The theme of a split economy also showed up in an analysis from Politico financial services reporter Sam Sutton published on Wednesday, which cited recent data from Bank of America showing that the bank's "top account holders saw take-home pay climb 4% over the last year, while income growth for poorer households grew just 1.4%."
Sutton said that this divergence in fortunes between America's wealthy and everyone else was showing up in polling that shows US voters sour on the state of the economy.

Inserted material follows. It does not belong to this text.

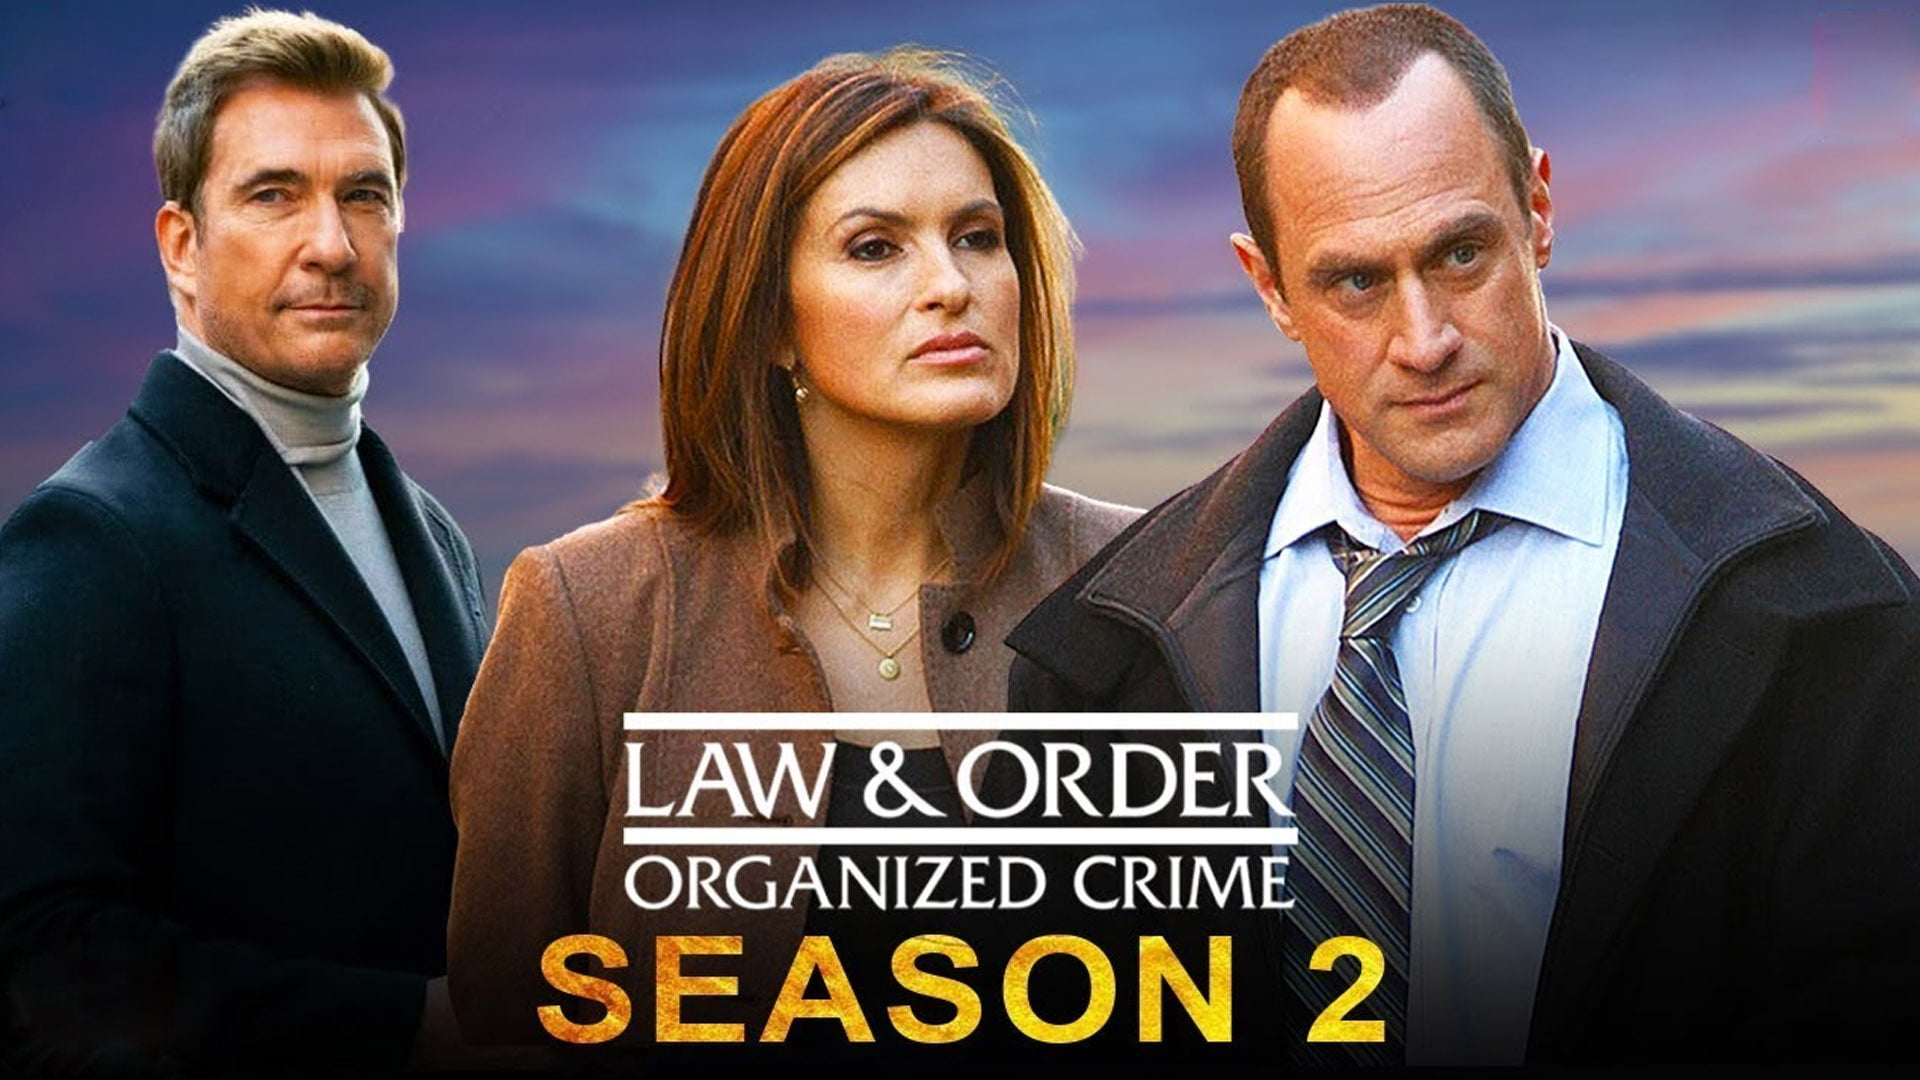 Law and order organized crime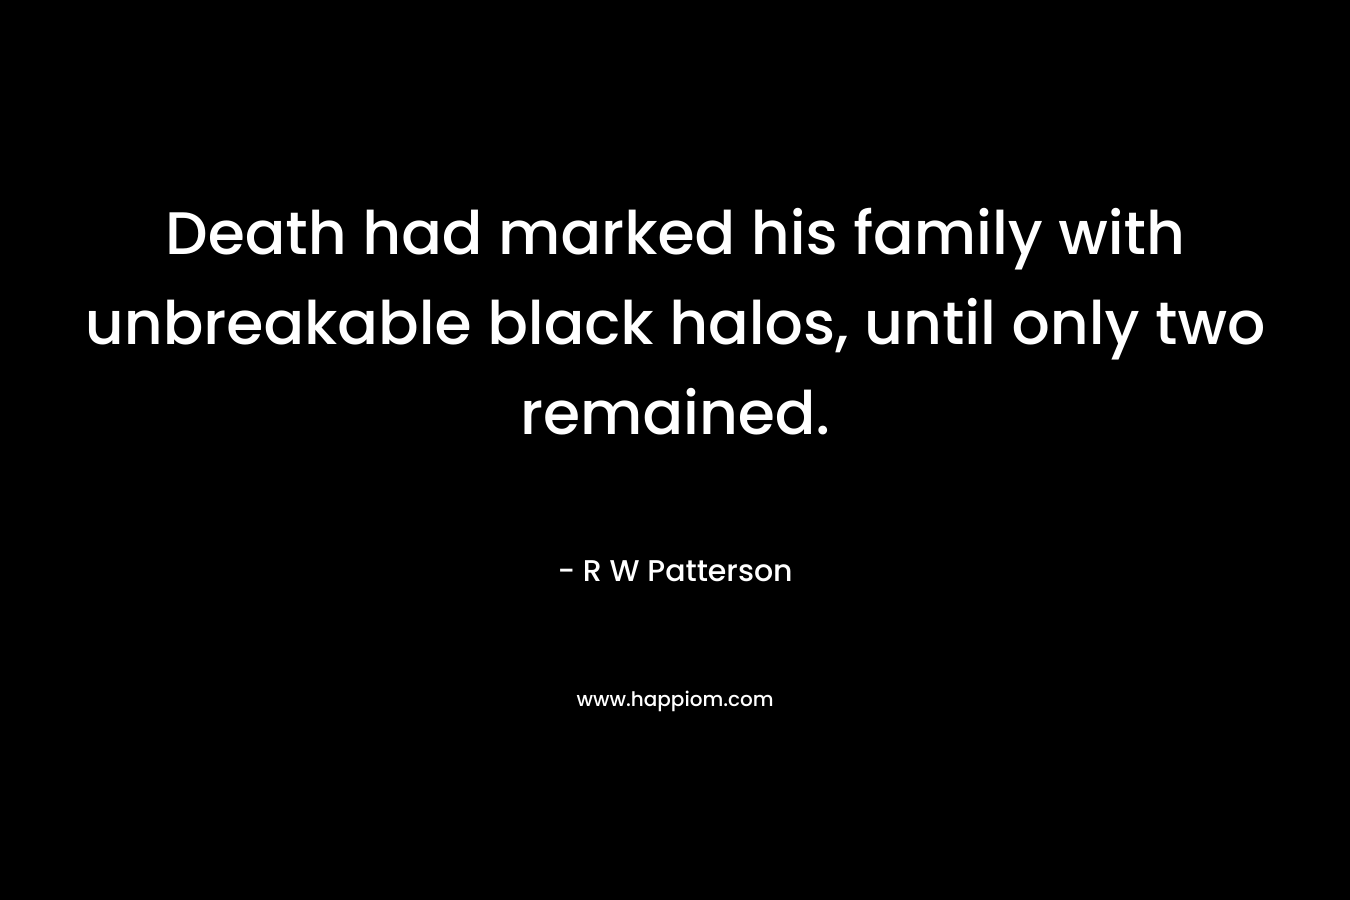 Death had marked his family with unbreakable black halos, until only two remained. – R W Patterson

"In survey after survey, a majority of Americans say they’re straining under the pressure of rising living expenses and a softening job market," Sutton said. "The Federal Reserve Bank of Boston says low-income consumers have 'substantially' higher levels of credit card debt than they did before the pandemic. Even as growth and asset prices soar, Trump’s approval ratings are sagging."
Economist Paul Krugman on Tuesday argued in his Substack newsletter that one reason for this large disparity in economic outcomes has to do with the US labor market, which has ground to a halt in recent months, lowering workers' options for employment and thus lowering their ability to push prospective employers for higher wages.
"Trump may claim that we are economically 'the hottest country in the world,' but the truth is that we last had a hot labor market back in 2023-4," Krugman explained. "At this point, by contrast, we have a 'frozen' job market in which workers who aren’t already employed are having a very hard time finding new jobs, a sharp contrast with the Biden years during which workers said it was very easy to find a new job."
None of these caveats about the latest gross domestic product (GDP) data stopped US Commerce Secretary Howard Lutnick from going on Fox News on Tuesday night and falsely claiming that a 4.3% rise in GDP meant that "Americans overall—all of us—are going to earn 4.3% more money."
Lutnick: The US economy grew 4.3%. What that means is that Americans overall—all of us—are going to earn 4.3% more money. pic.twitter.com/SIFi99NRBX
— Acyn (@Acyn) December 24, 2025
In reality, GDP is a sum of a nation's consumer spending, government spending, net exports, and total investments, and is not directly correlated with individuals' personal income.